Marty Ehrlich is celebrating more than 40 years at the nexus of creative music centered in New York City. He began his musical career in St. Louis, performing and recording with the Human Arts Ensemble. He then graduated from the New England Conservatory of Music in Boston in 1977, where his teachers included George Russell, Jaki Byard, Gunther Schuller, and Joseph Allard. Since coming to New York in 1978, he has made 30 recordings of his compositions written for his Dark Woods Ensemble, Traveler’s Tales Quartet, Rites Quartet, Marty Ehrlich Large Ensemble, as well as numerous collaborative groups. His most recent recordings are A Trumpet in the Morning, for 26 musicians, and Trio Exaltation, with John Hebert and Nasheet Waits.
As a woodwind multi-instrumentalist passionate about improvisation and interpretation, he has performed, toured, and recorded with a who’s who of contemporary composers including Muhal Richard Abrams, Ray Anderson, Anthony Braxton, John Carter, Andrew Cyrille, Jack DeJohnette, Anthony Davis, Mark Dresser, Peter Erskine, Marianne Faithful, Michael Formanek, Don Grolnick, Chico Hamilton, Julius Hemphill, Andrew Hill, Wayne Horvitz, Robin Holcomb, Oliver Lake, Leroy Jenkins, John Lindberg, Myra Melford, Modeski/Martin/Woods, James Newton, Mario Pavone, Bobby Previte, Rufus Reid, David Schiff, Wadada Leo Smith, and John Zorn.

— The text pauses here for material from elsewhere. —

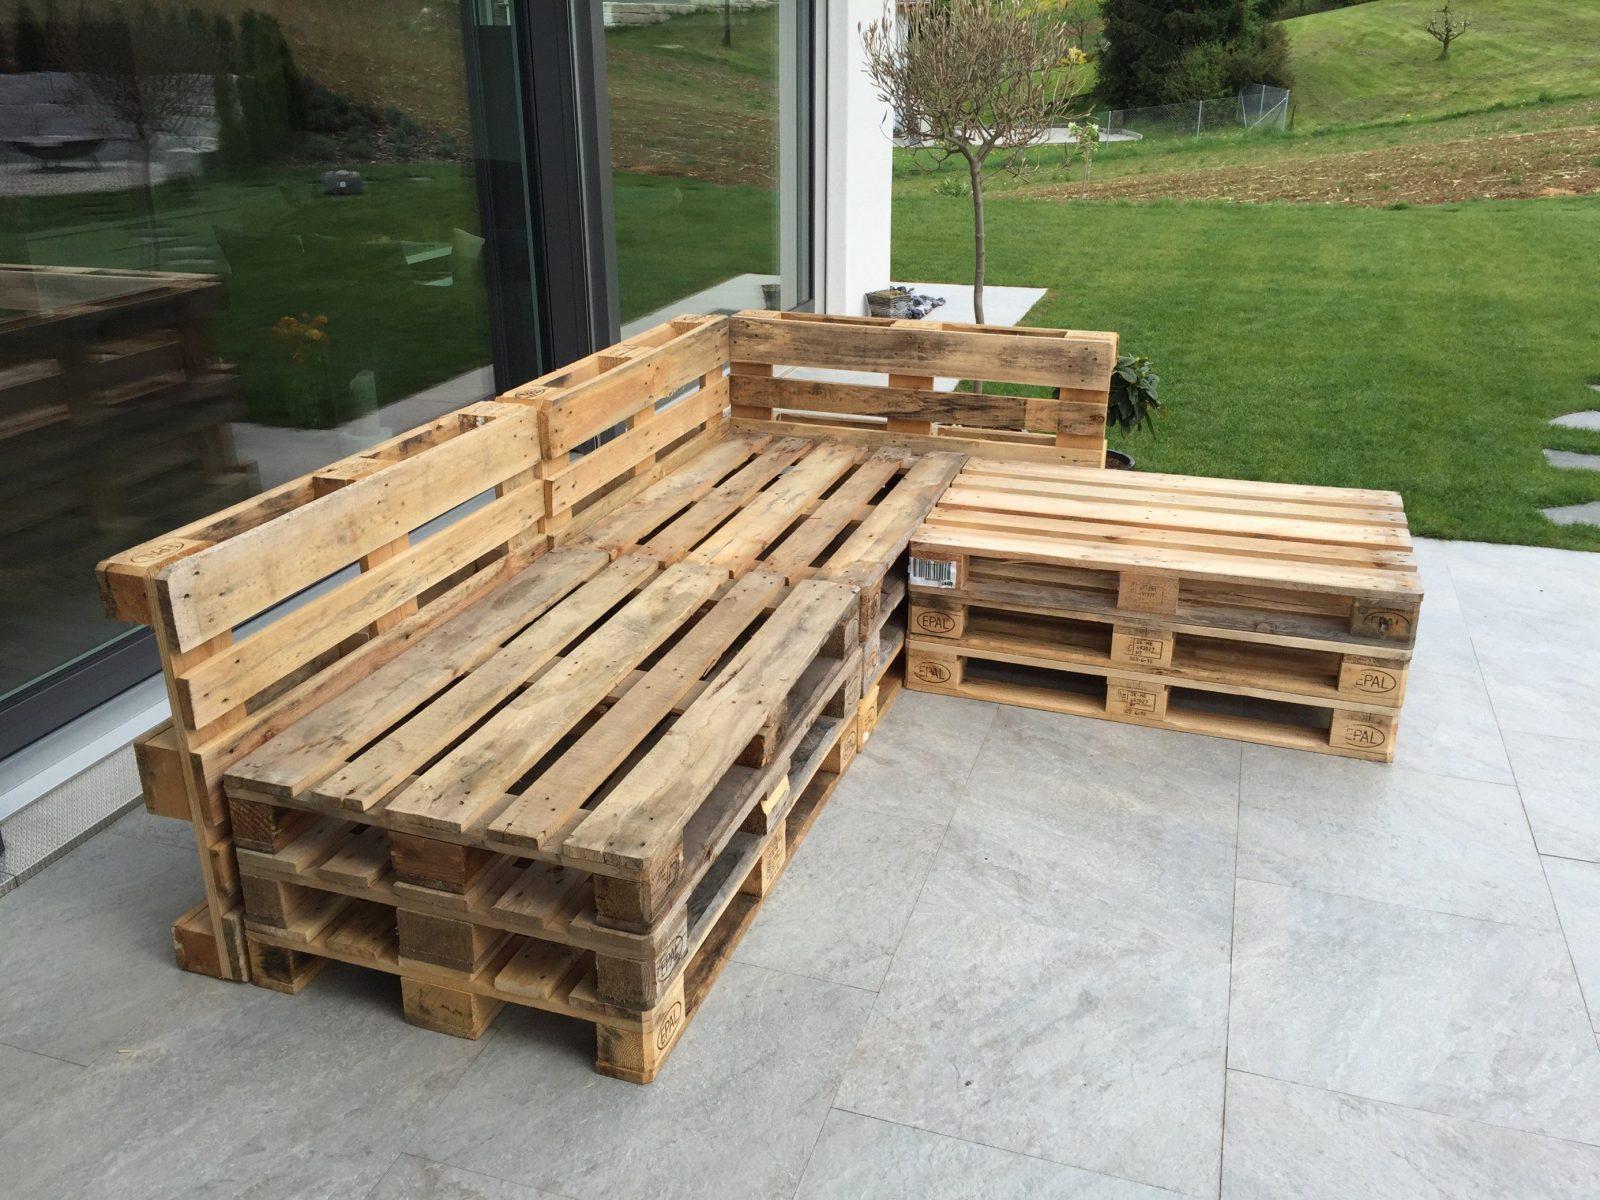 Gartenmöbel Selber Bauen Lounge Ba74 – Hitoiro von Lounge Möbel Garten Selber Bauen Bild

Ehrlich has performed with the Chicago Symphony Orchestra, the BBC Symphony, the New York City Opera, and other classical ensembles. He was the musical director of the Julius Hemphill Sextet from 1996-2006. He is the chief researcher for the Julius Hemphill Archive at NYU and has curated and produced the recent Hemphill archival release The Boyé’ Multi-National Crusade for Harmony on New World Records. His honors include a Guggenheim Fellowship in Composition, the Peter Ivers Visiting Artist Residency at Harvard University (with painter Oliver Jackson), composition grants from Chamber Music America, the NEA, and NYFA, and a Distinguished Alumni award from NEC. The Marty Ehrlich Archive is in the Fales Library of NYU. Ehrlich is professor emeritus of jazz and contemporary music at Hampshire College.
In residence in 2021, Marty generated a wide range of musical material for use by his small ensemble performances, and for an evolving solo work for overdubbed woodwinds and soloist. He continued work on edited, critical editions of the music of Julius Hemphill, which will be published by Subito Music Publishing. As performance and recording contexts come back to the fore after the Covid quarantine, he expects to be energized and ready for the work ahead.